# dont give up



## mbm1984 (Nov 19, 2015)

Hi,
My wife and I are currently separated, about to finish our first month of separation. I am not going to go into detail of our issues but she is the one who wanted this separation. I just want to send out a word of encouragement. TRUST IN GOD…FULLY! If you fully trust in God, that is the only way that you will get through this. Trust in Gods will for your life. He will bless you if you follow his will. Just like any other parent he knows best for his children. Believe fully in him and the miracles that he can do. Do not turn to the bottle or to other sins of the world. Take this time to seek him, bury yourself into the word of Christ, and grow closer to him than you ever have before. PRAY, PRAY, PRAY. Also listen to God, for me I locked myself in a closet with no distractions and he spoke to me. He used a dream, I didn’t believe it at first but he verified it the next day in a sermon I was listening to. It took me a long time to hear God because I would not fully trust in him. He has showed me how this separation is going to play out if I just trust in him and listen to him. I know that its hard to believe that a simple man like me had God speak to him in a dream like he did in the bible but it is true. He is giving me the strength the carry on. He is teaching me through this storm and I thank God for the storm. He is making me a better man. A better father for my children, a better spouse for my wife, but most of all a better Christian. God has big plans for each of us, all we have to do is listen and trust him. Sometimes he has to crumble the world around you to get your attention, but his plan is perfect. Trust in his plan, his timing, and give it all to God. Last thing and this is important…don’t listen to the world. Believe in God and if it is his plan your marriage can be restored. God is a mountain mover and he can fix your marriage. Don’t give up and trust in the Lord.
Brandon


----------



## NoMoreTears4me (Oct 21, 2015)

I , like you, did the same. I was on my knees every night praying and begging God to heal my marriage. Every day. The sermon we got that Sunday was about the women submit to the man. I thought it was a sign. Then the next day the devotional for the day was. Thou shall not commit adultry. That day was my birthday as well.

His answer was no. She left anyway and we are now divorced. 

I prayed even harder for answers why. Why was I not good enough. Certainly God could heal my marriage.

Then I found out she was cheating. God told me no because he knew m marriage could not be restored.

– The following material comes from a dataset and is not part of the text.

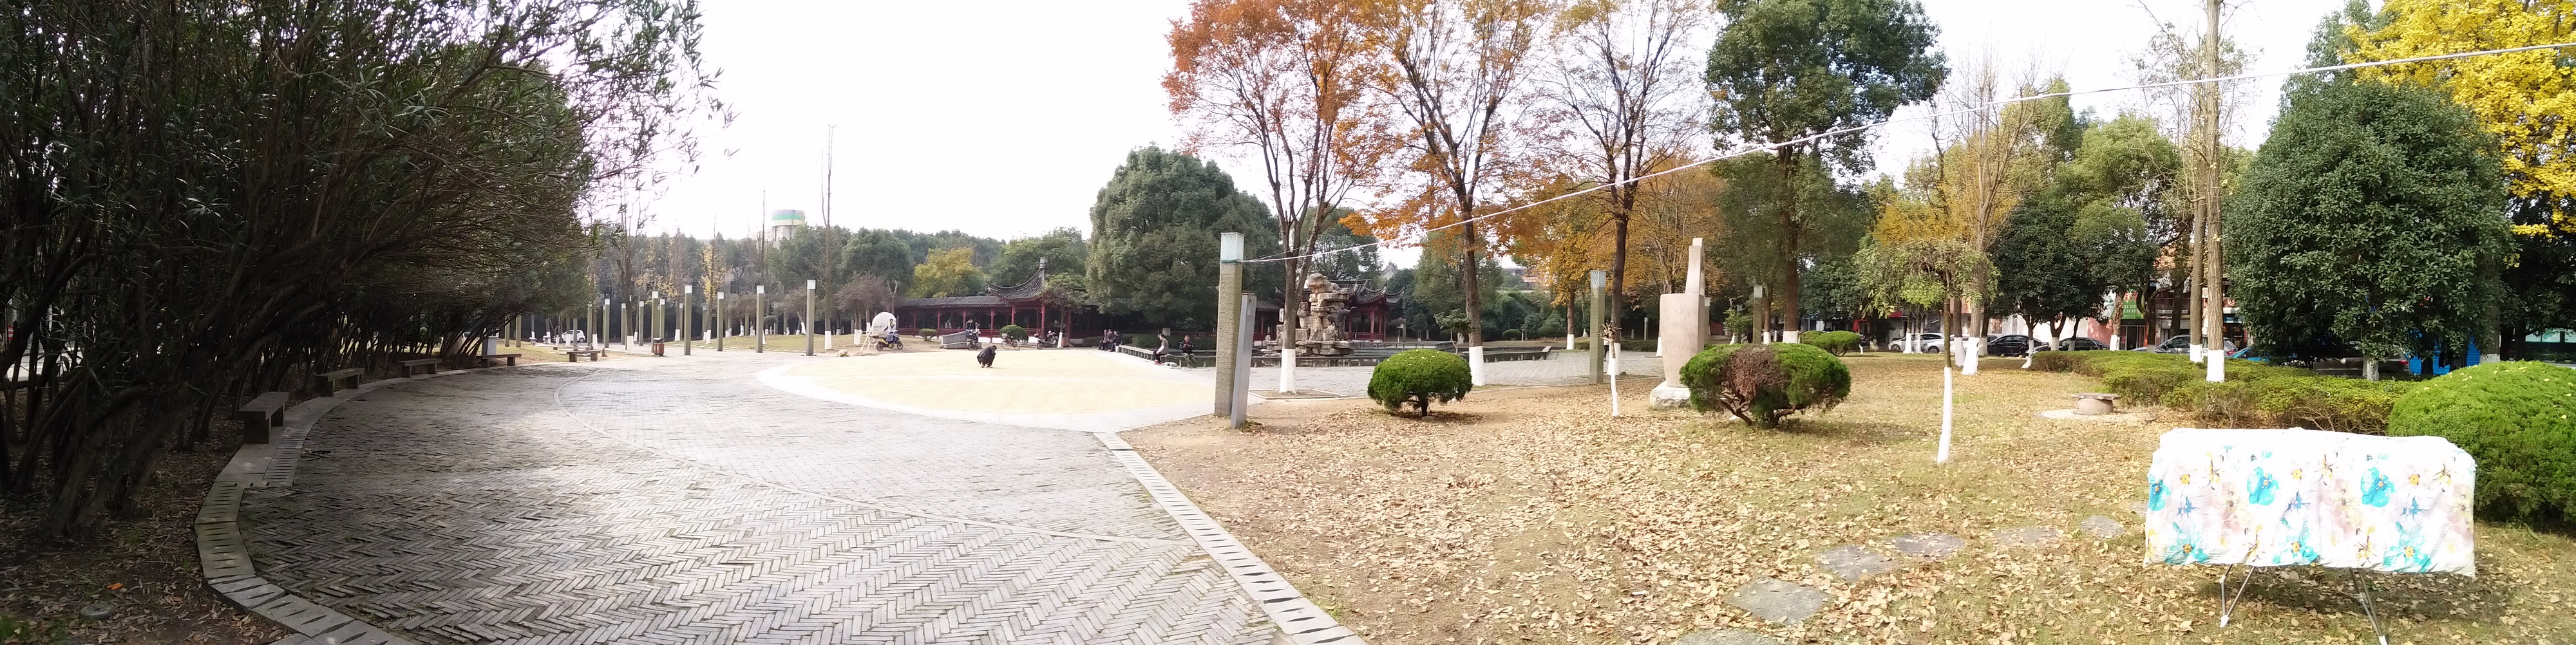 慈城孔庙公园

Just prepare yourself the answer could be no


----------



## Dude007 (Jun 22, 2015)

I'm no God, I'm only a dude put here by God. He gives everyone free will including your wife. She may have gone bonkers. If so, you may have to let her go but there are literally billions more of them on the planet. Take care! Dude
_Posted via Mobile Device_


----------



## NoMoreTears4me (Oct 21, 2015)

Dude007 said:


> I'm no God, I'm only a dude put here by God. He gives everyone free will including your wife. She may have gone bonkers. If so, you may have to let her go but there are literally billions more of them on the planet. Take care! Dude
> _Posted via Mobile Device_


Hey dude send me one of those billions please. One with a soul and morals would be nice.


----------



## plomito (Apr 7, 2015)

all I can say is like other have mentioned, God does have a plan for each of us. Sometimes we try so hard to fix things, but when we put everything in his hands, he show us the way. In my case, after I left everything in his will, he showed me why I needed to stop knocking on a door that is not meant for me to open.


----------



## Dude007 (Jun 22, 2015)

NoMoreTears4me said:


> Hey dude send me one of those billions please. One with a soul and morals would be nice.


Trust me, you will meet the woman of your dreams and start anew in just a few years. And then you'll say "Damn that DUDE knew some sheet didn't he??!!" Try out the new Shiner Holiday Cheer!! Its awesome!!! DUDE


----------